Back at the bakery, Emily tells me about her experiences of growing up. It is traumatic to be in constant flux, like a cake baking in the oven – DING she’s fully cooked now, grown, matured, in bloom, ripe, ready – the precocious self-awareness of the sudden objectification inflicted on the female body, often reflects in a complex relationship with food. To eat or not to eat, that is the question, but beyond intangible beauty standards and a lifelong companionship with salad, the question is one of mediation over the little autonomy one has on the body – one hand tied by teen hormones and the other by language of commodification that confounds our sexuality with types of food and flora. Eating my cardamom bun, I conclude that the ridiculisation of women lies on the constant negotiation and retaliation for this autonomy.
Alike the mother figure, adulthood requires an analysis of our own young girls. To come to terms with them, to love them… Young love is narcissistic, says Emily, “Love for the Young-Girl is just autism for two,” says Tiqqun. The idea of healing through self-love is the teachings of most religions and social rights movements, after all the procedures described in the Art of Loving are in themselves invested in attaining maturity, yet the contemporary idea of the same, is reduced to yoga classes. “The Young-Girl never creates anything; All in all, she only recreates herself.”Narcissistic love self reproduces, it is thus a necessary symptom of the consumer society of the present, it demands permanent self-valorisation to survive.

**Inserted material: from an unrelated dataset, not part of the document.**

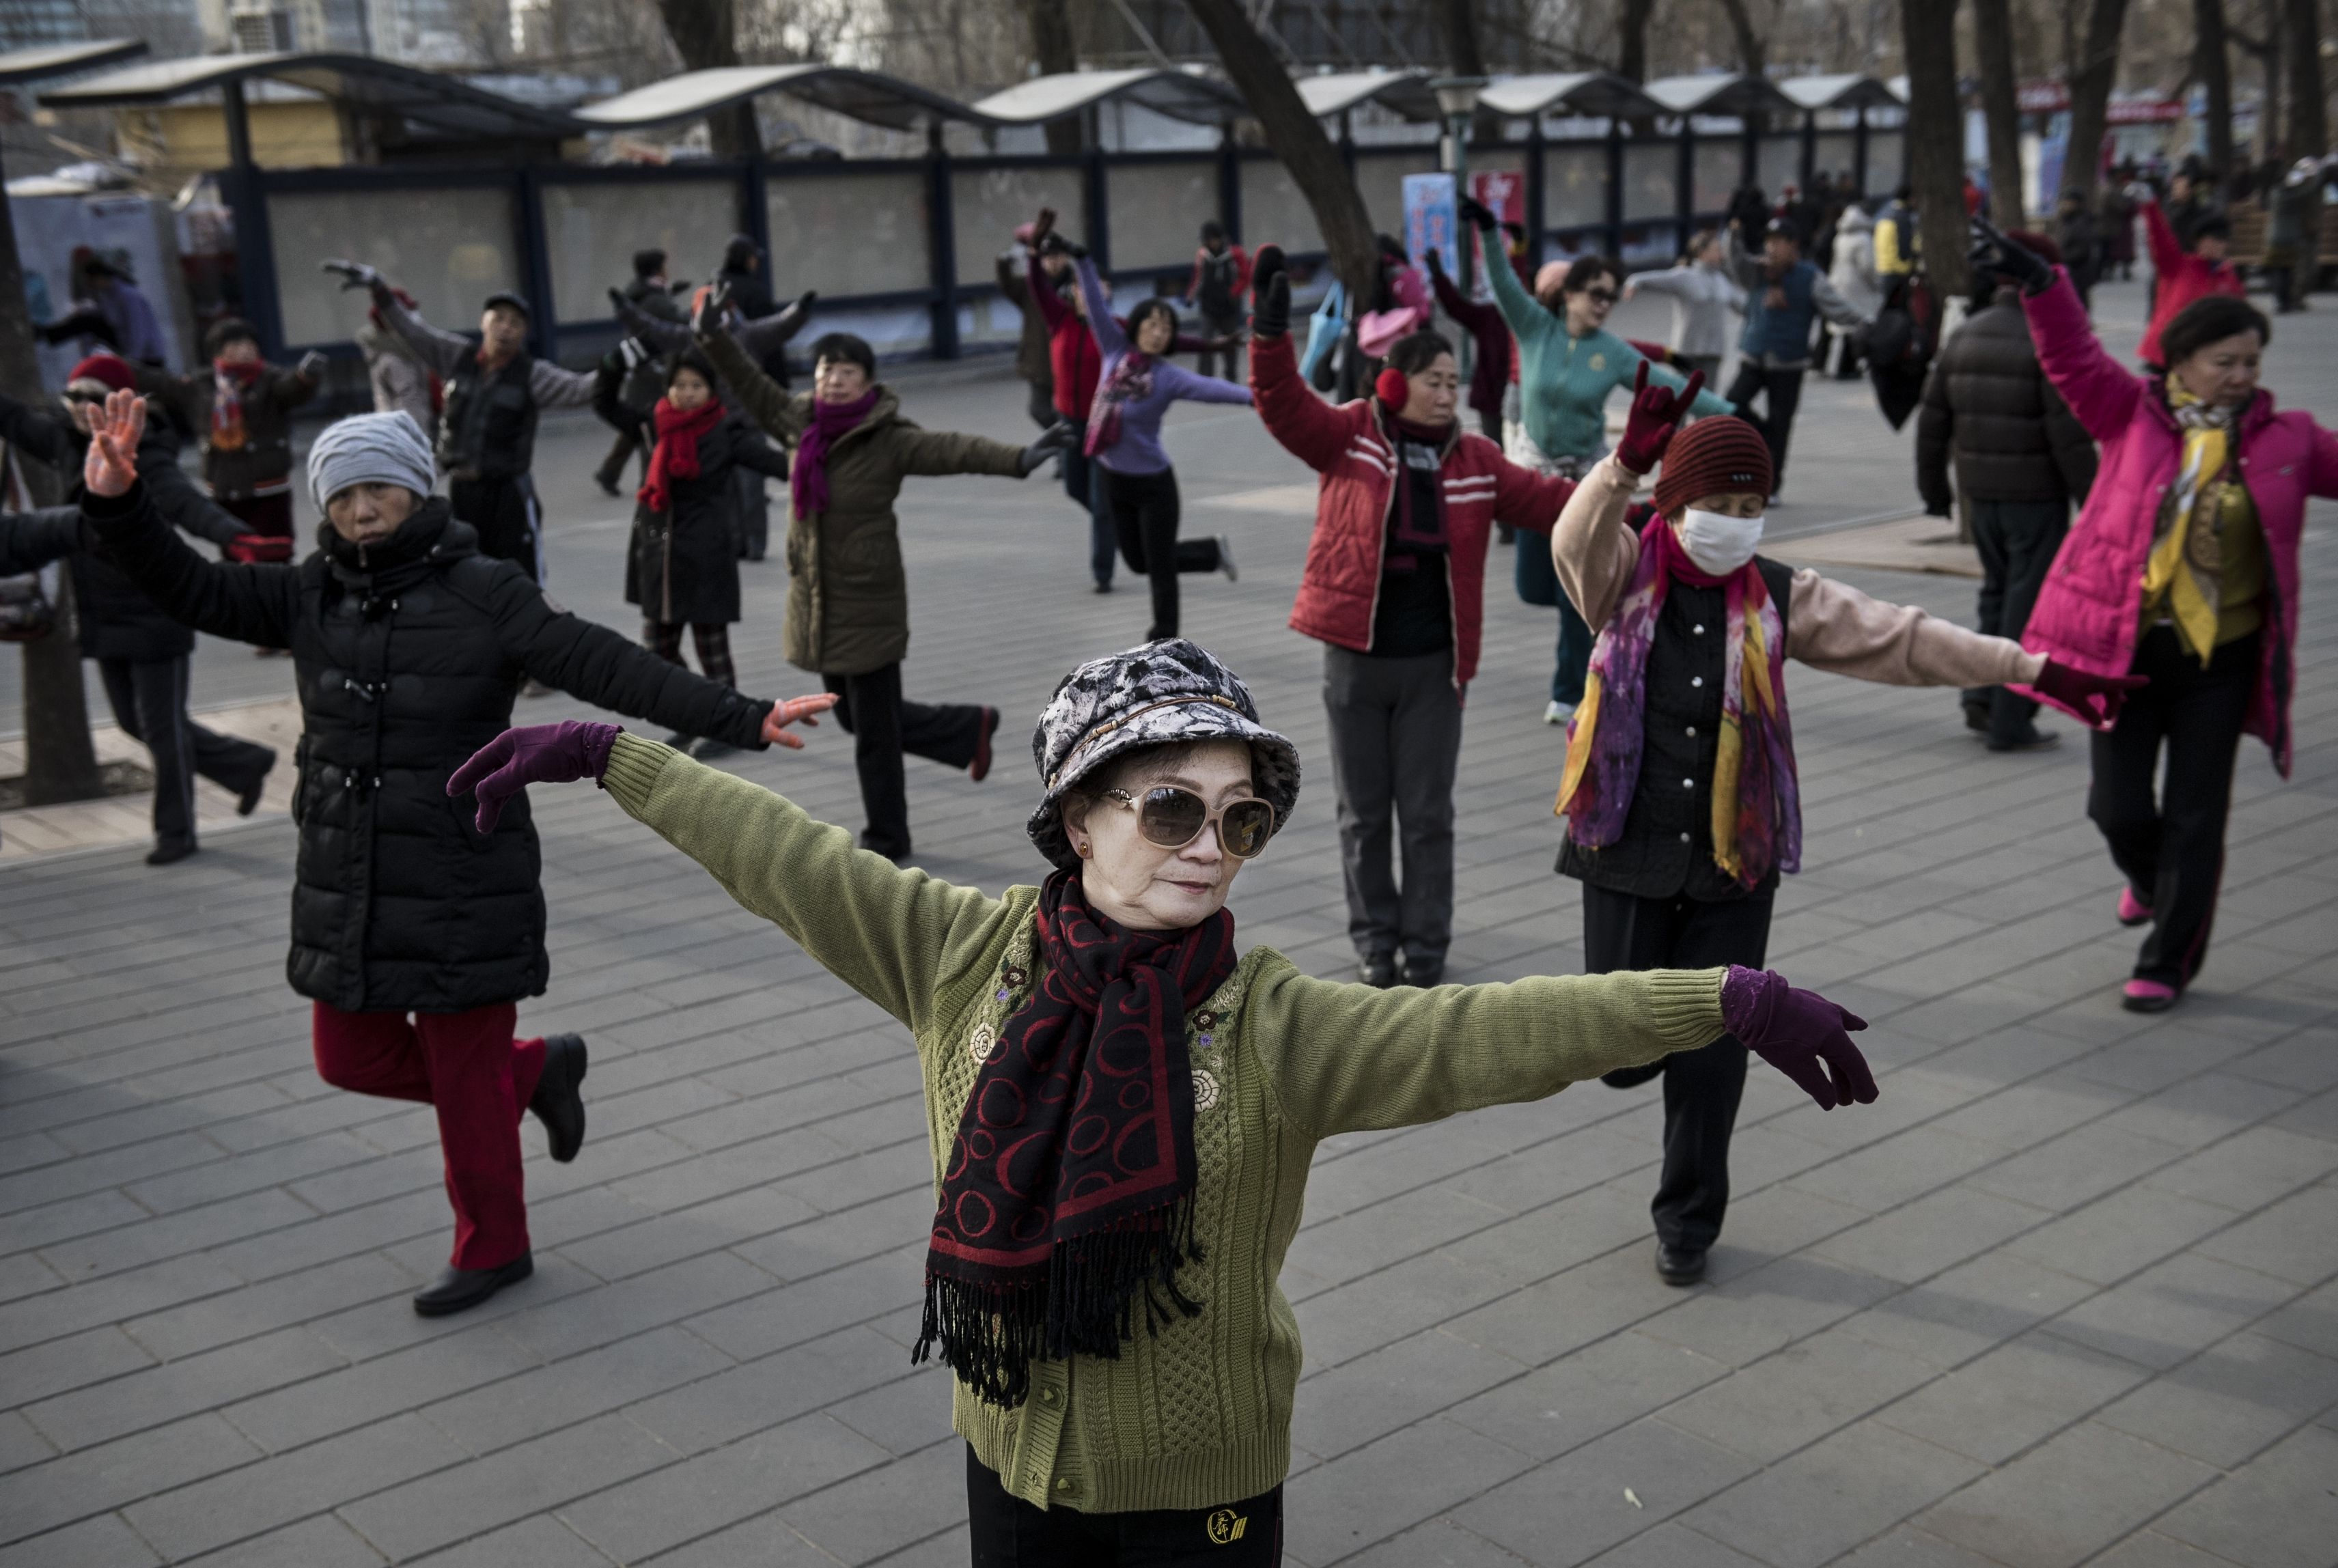 Dancing grannies gang: New problem for Chinese locals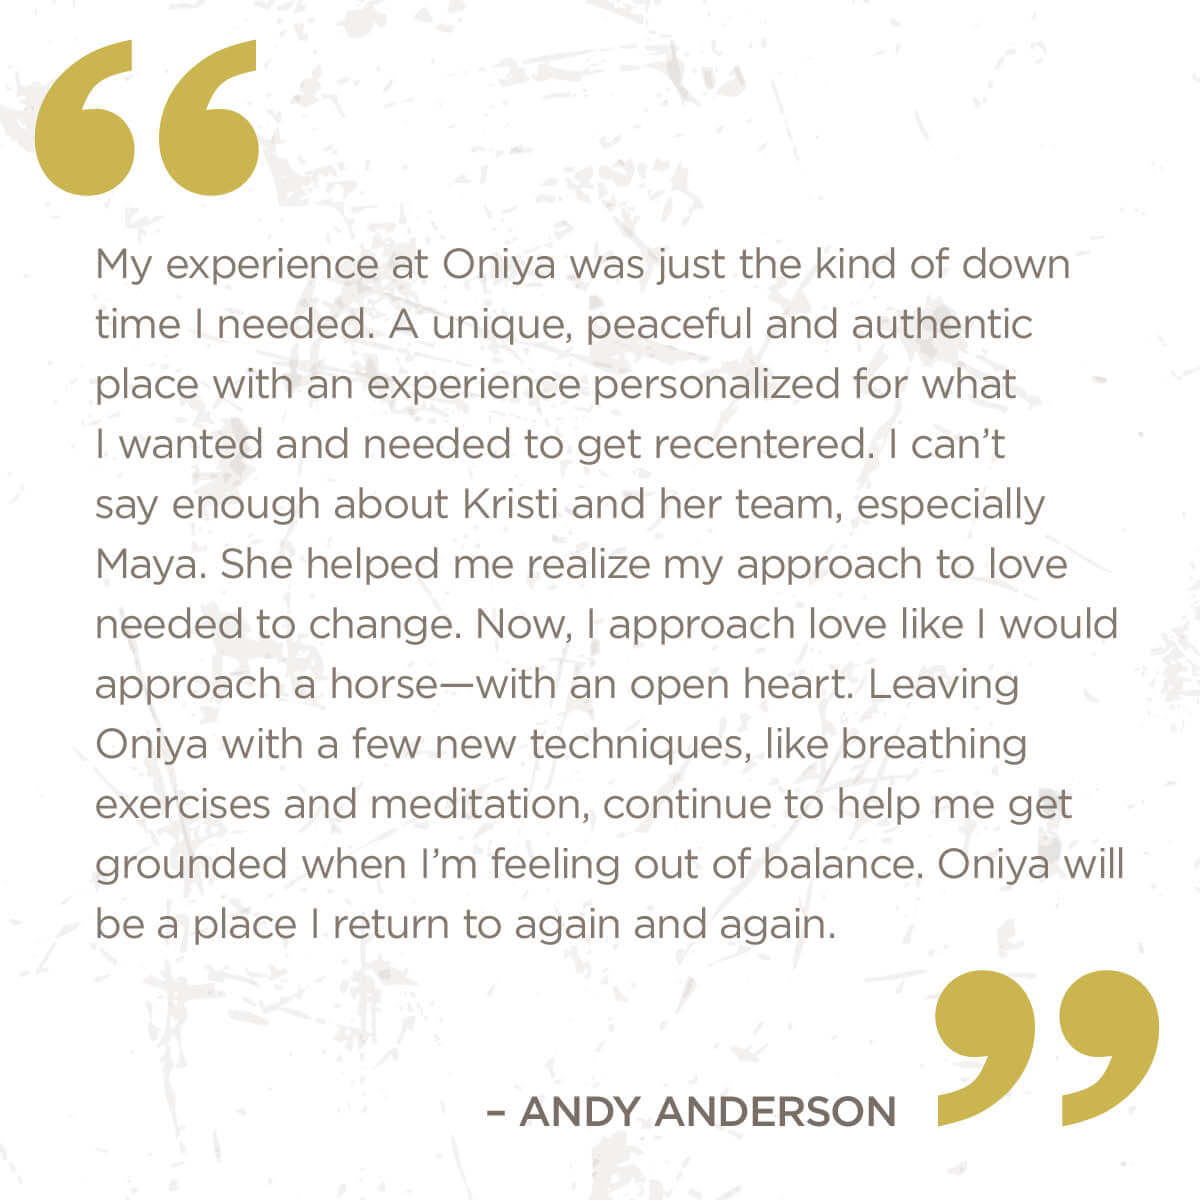 My experience at Oniya was just the kind of down time I needed. A unique, peaceful and authentic place with an experience personalized for what I wanted and needed to get recentered. I can't say enough about Kristi and her team, especially Maya.

Moreover, keeping women in a state of self-induced adolescence entails a percentage of self-destruction. Fetishising her own decay, Winehouse warned us when she sang “I told you that I was trouble, You know that I’m no good”. In Boys on Film, Winehouse’s lyrics are blurred with Emily’s words “my mum said she didn’t raise her boys any different from her daughter”. The work lays out clearly the impossibilities still at play for the decolonisation of the young girl. Boys on Film, captures a time, a state of mind and a problem that needs to be overcome, imaginably towards a new mode of sentimental education and radical love.
Even so, as you know, boys will be boys.